Schoolhouse Rock! is an American interstitial programming series of animated musical educational short films (and later, music videos) that aired during the Saturday morning children's programming block on the U.S. television network ABC. The themes covered included grammar, science, economics, history, mathematics, and civics. The series' original run lasted from 1973 to 1984; it was later revived from 1993 to 1996. Additional episodes were produced in 2009 for direct-to-video release.

History

Development
The series was the idea of David McCall, an advertising executive of McCaffrey and McCall, who noticed his young son was struggling with learning multiplication tables, despite being able to memorize the lyrics of many Rolling Stones songs. McCall hired musician Bob Dorough to write a song that would teach multiplication, which became "Three Is a Magic Number." Tom Yohe, an illustrator at McCaffrey and McCall, heard the song and created visuals to accompany it. Radford Stone, producer and writer at ABC, suggested they pitch it as a television series, which caught the attention of (future chairman and CEO of The Walt Disney Company) Michael Eisner, then vice president of ABC, and of cartoon director Chuck Jones.

Original series

The first video of the series, "Three Is a Magic Number," originally debuted during the debut episode of Curiosity Shop on September 2, 1971. The Curiosity Shop version is an extended cut which includes an additional scene/verse that explains the pattern of each set of ten containing three multiples of three, animated in the form of a carnival shooting game. This scene has never been rebroadcast on ABC, nor has it been included in any home media releases.

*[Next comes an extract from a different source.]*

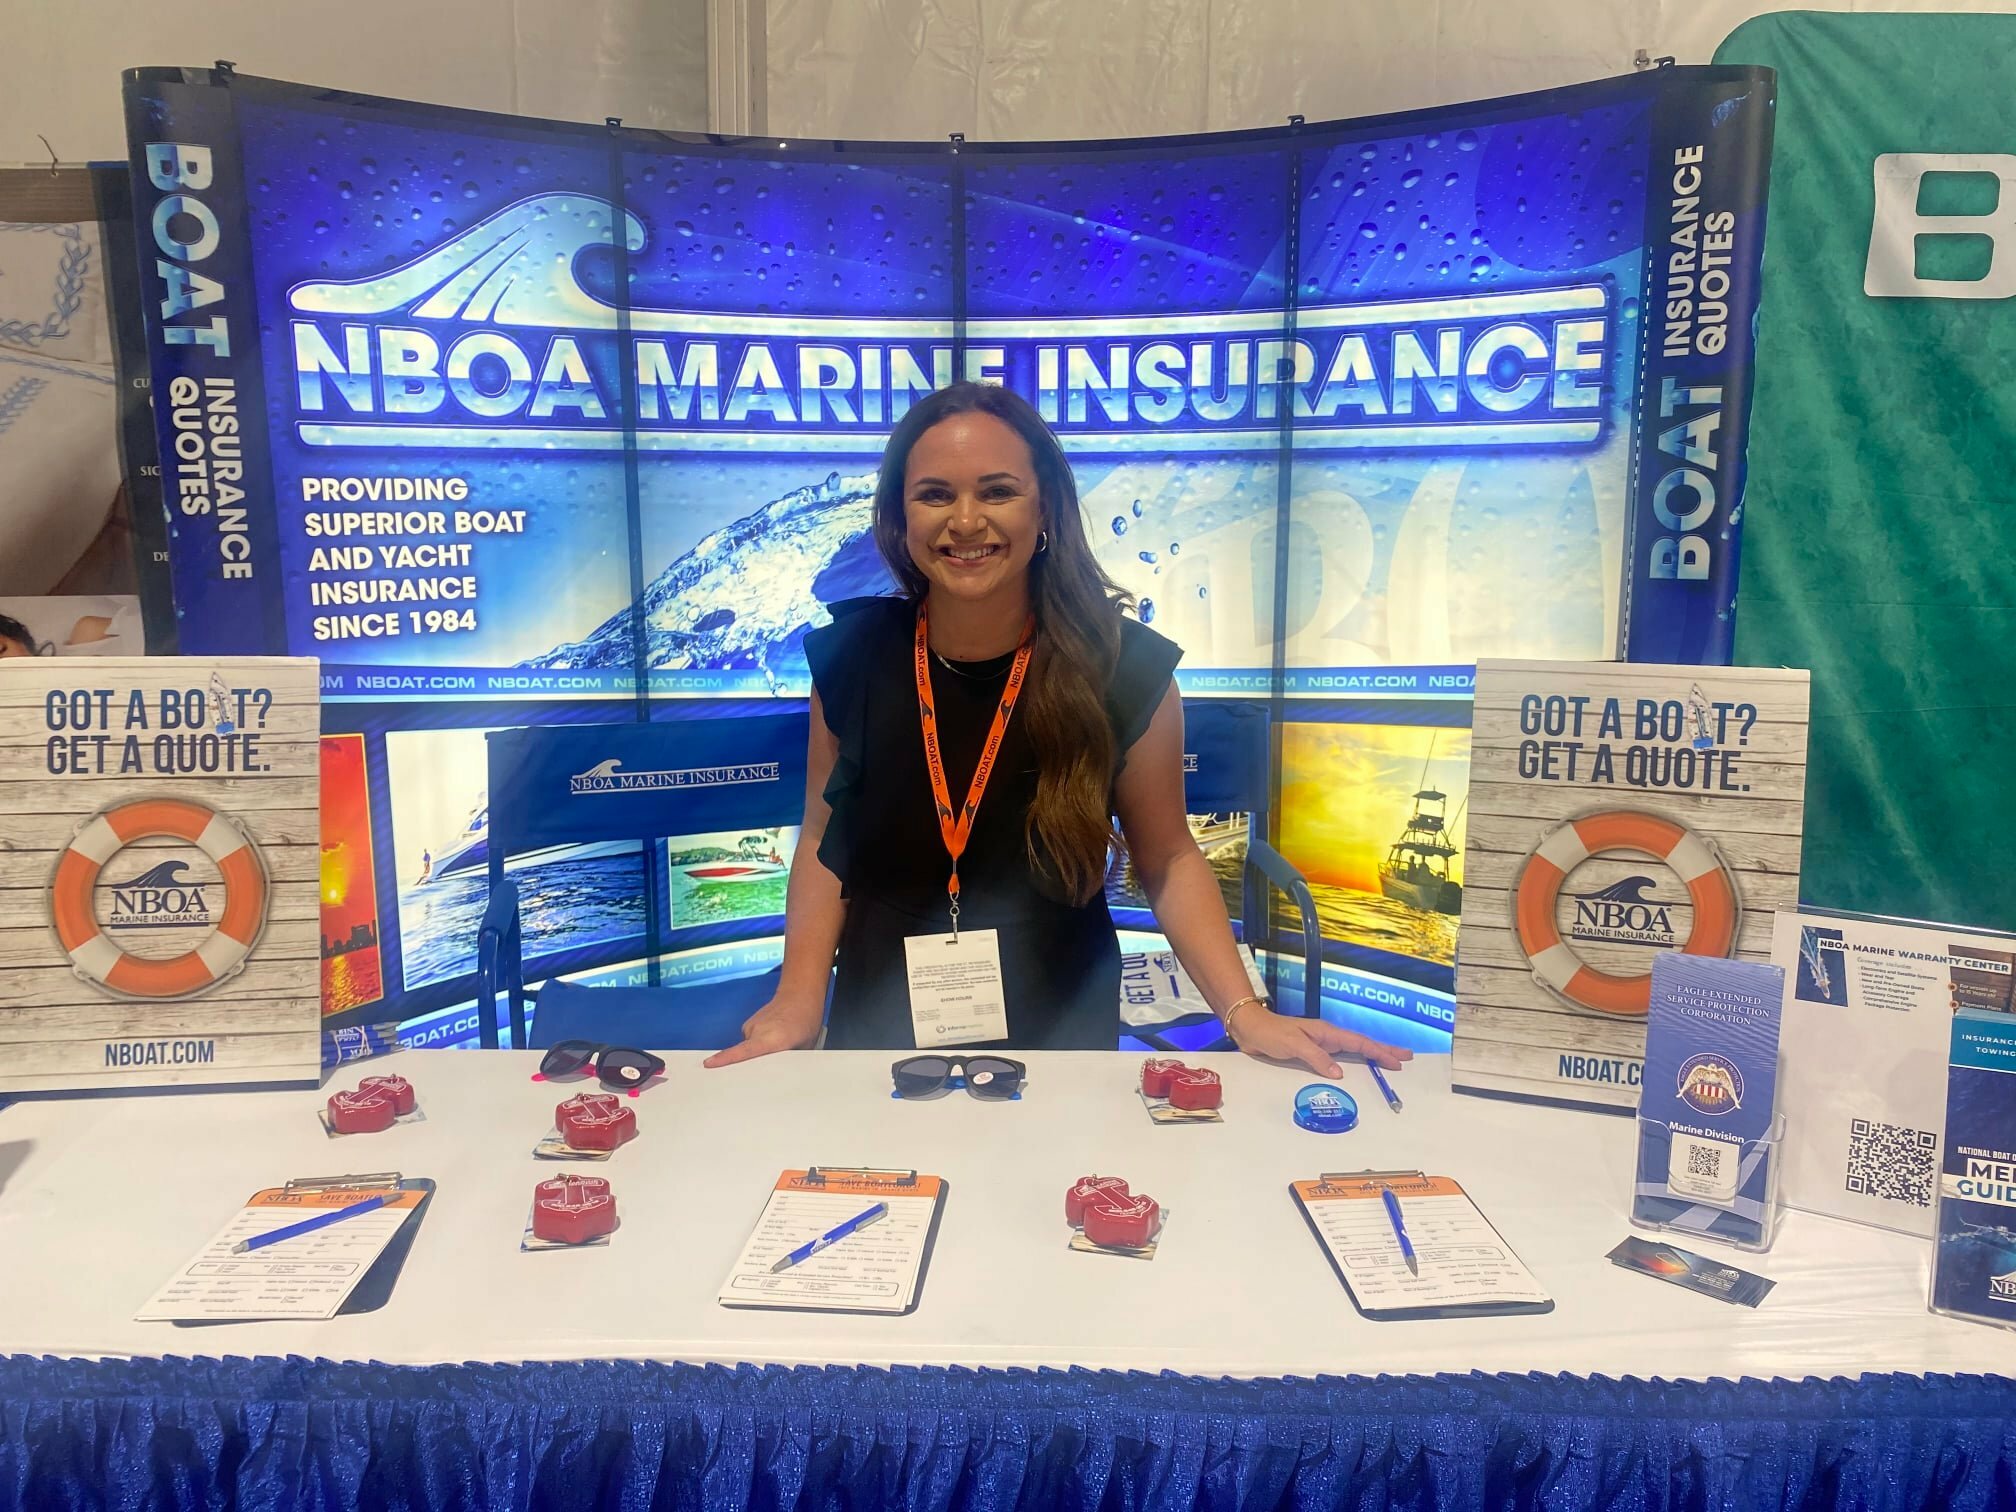 NBOA Marine Insurance

Schoolhouse Rock! debuted as a series in January 1973 with Multiplication Rock, a collection of animated music videos adapting the multiplication tables to songs written by Bob Dorough. Dorough also performed most of the songs, with Grady Tate performing two and Blossom Dearie performing one during this season. General Foods was the series' first sponsor; later sponsors of the Schoolhouse Rock! segments also included Nabisco, Kenner Toys, Kellogg's, and McDonald's. During the early 1970s, Schoolhouse Rock was one of several short-form animated educational shorts that aired on ABC's children's lineup; others included Time for Timer and The Bod Squad. Of the three, Schoolhouse Rock was the longest-running.

George Newall and Tom Yohe were the executive producers and creative directors of every episode, along with Bob Dorough as musical director. This first season was followed in short order by a second season, run from 1973 to 1975, entitled Grammar Rock, which included nouns, verbs, adjectives, and other parts of speech (such as conjunctions, explained in "Conjunction Junction"). For this second season, the show added the services of Jack Sheldon, a member of The Merv Griffin Show house band, as well as Lynn Ahrens; both of them contributed to the series through the rest of its run. Blossom Dearie returned for a second episode, and Essra Mohawk joined the cast as a recurring singer.

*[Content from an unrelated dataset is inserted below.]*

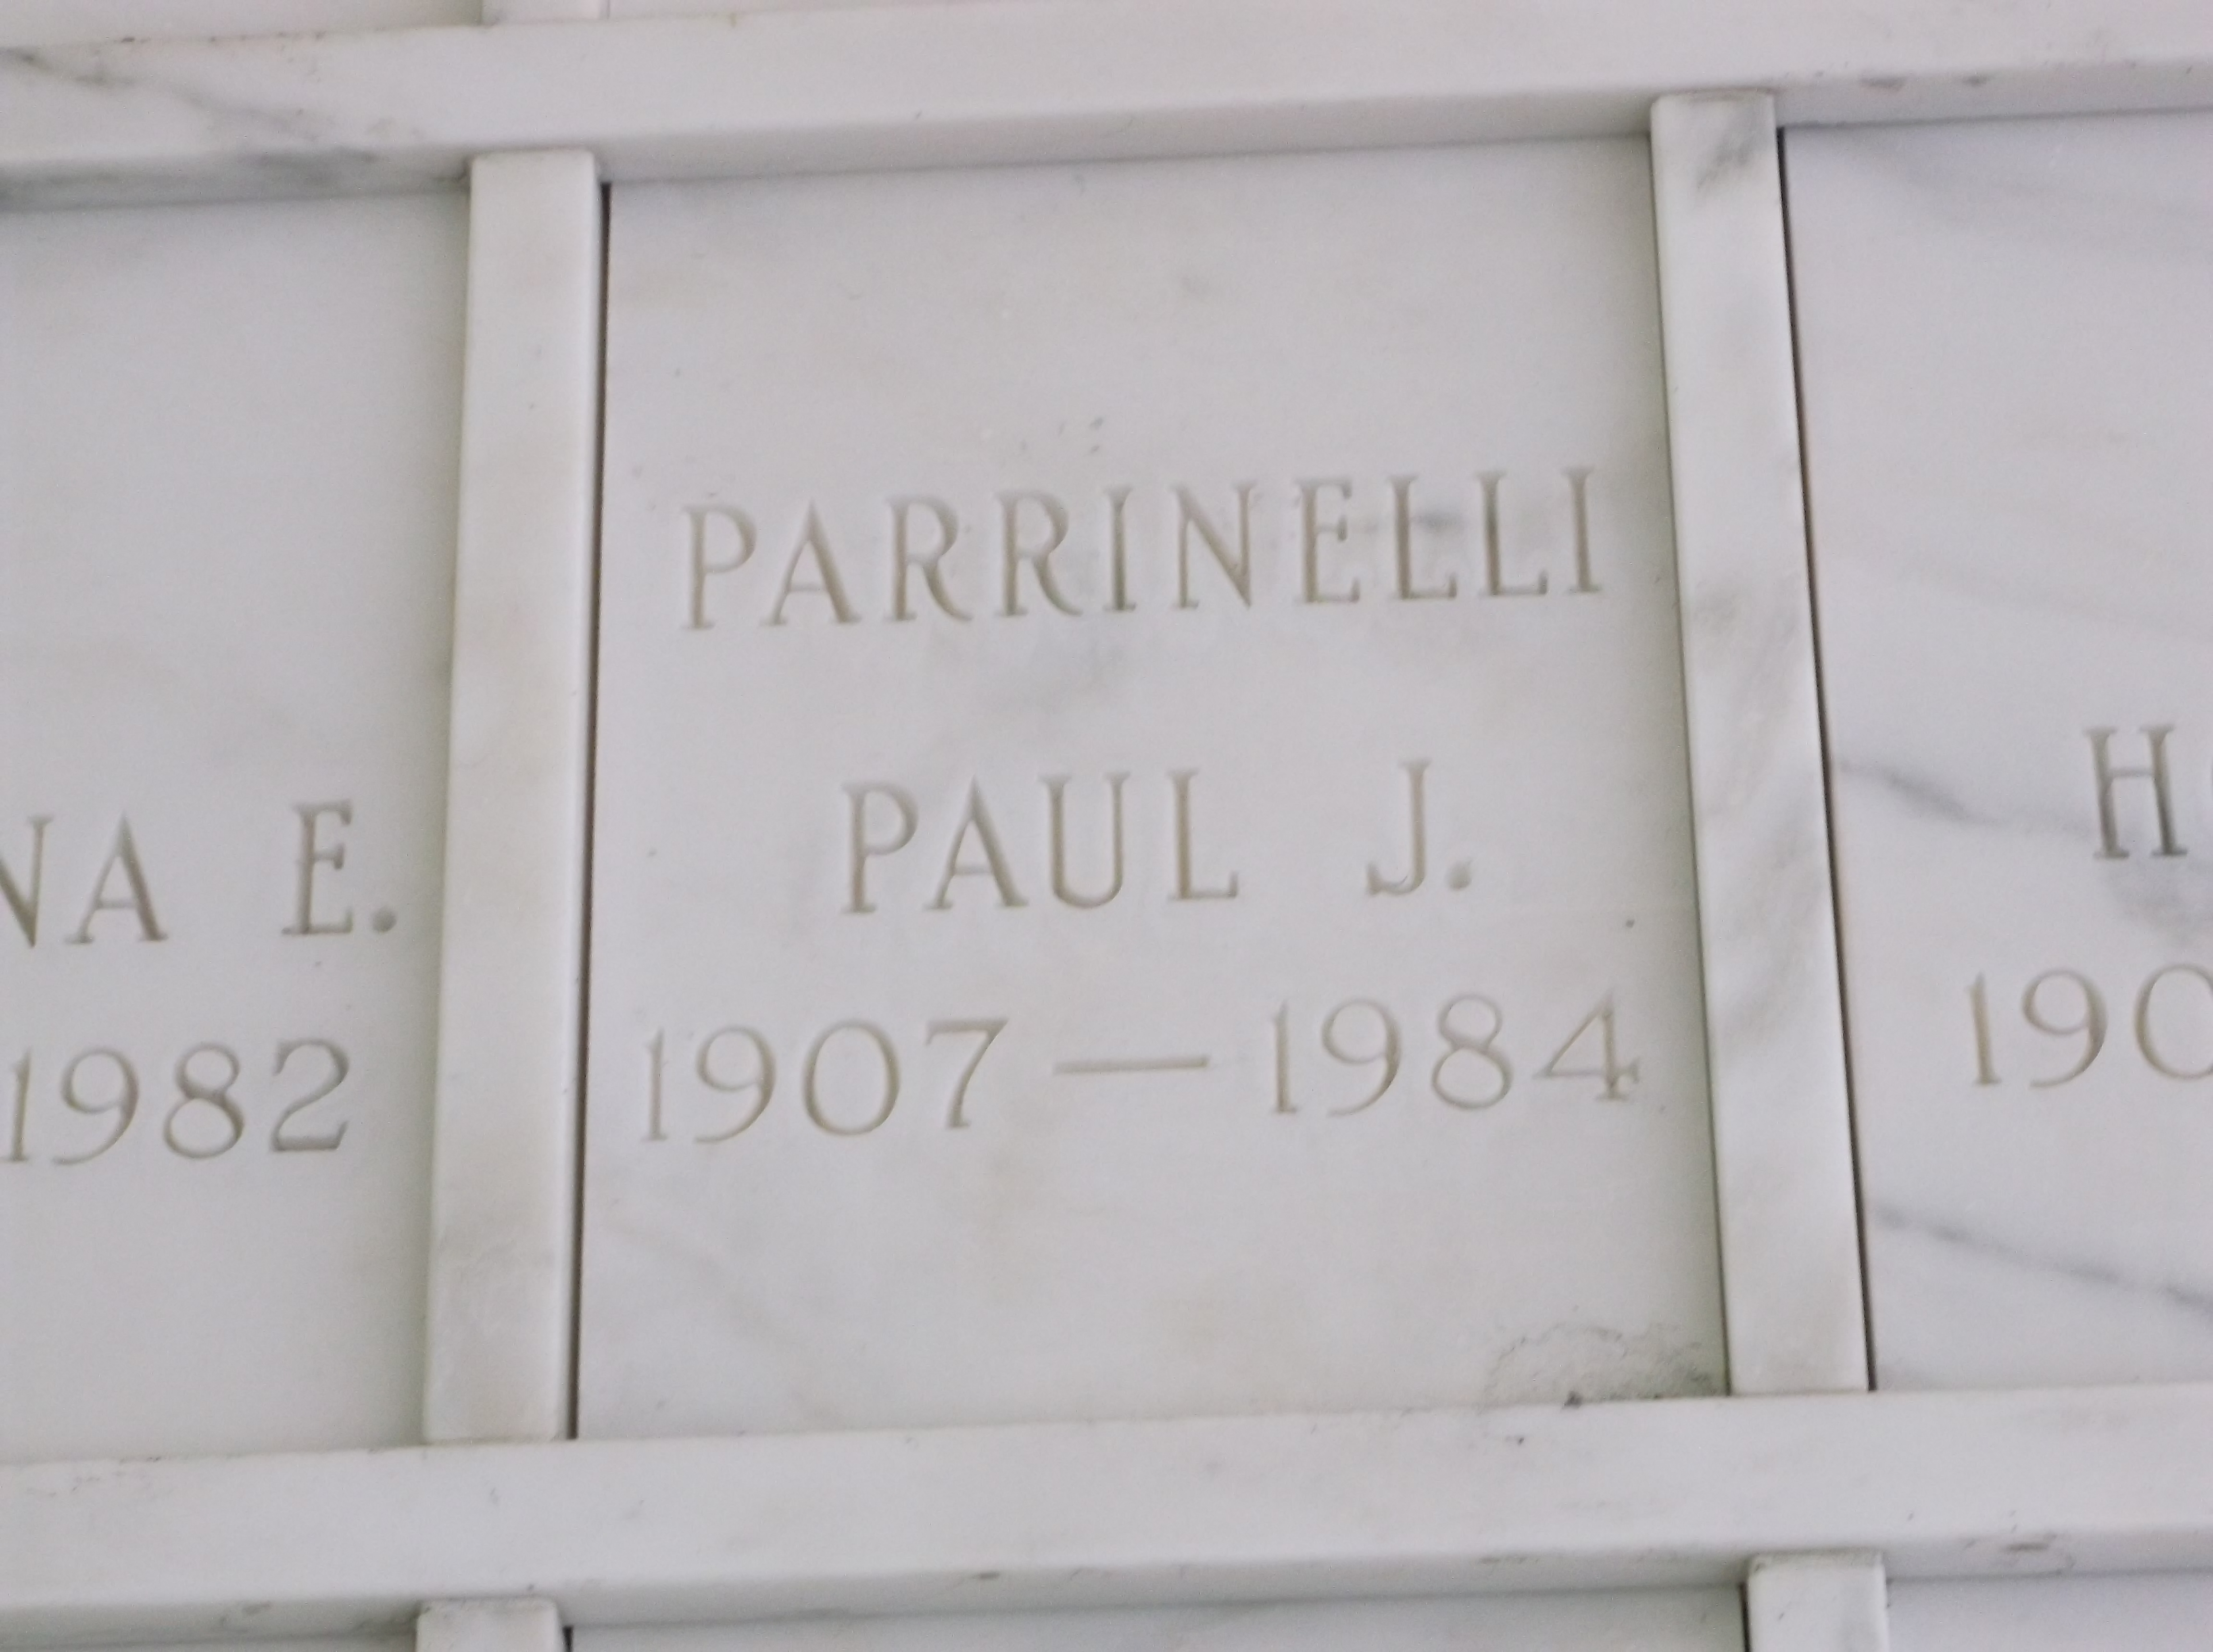 Paul J Parrinelli

To coincide with the upcoming United States bicentennial, a third season, America Rock, airing in 1975 and 1976, had music videos covering the structure of the United States government (such as "I'm Just a Bill") along with important moments in American history (examples include "The Preamble" and "Mother Necessity").

A fourth series, titled "Science Rock," followed in 1978 and 1979, and included a broad range of science-related topics. The first video of this season, "A Victim of Gravity," parodied elements of the hit film Grease and featured a rare guest appearance from a pop band, with recently reunited doo-wop group The Tokens providing the vocals. In addition to episodes describing the human body's anatomical systems (the nervous, circulatory, skeletal and digestive systems each received a music video), episodes describing physical sciences such as astronomy, meteorology and electricity were also included, as was "The Energy Blues," an environmentalism-themed video.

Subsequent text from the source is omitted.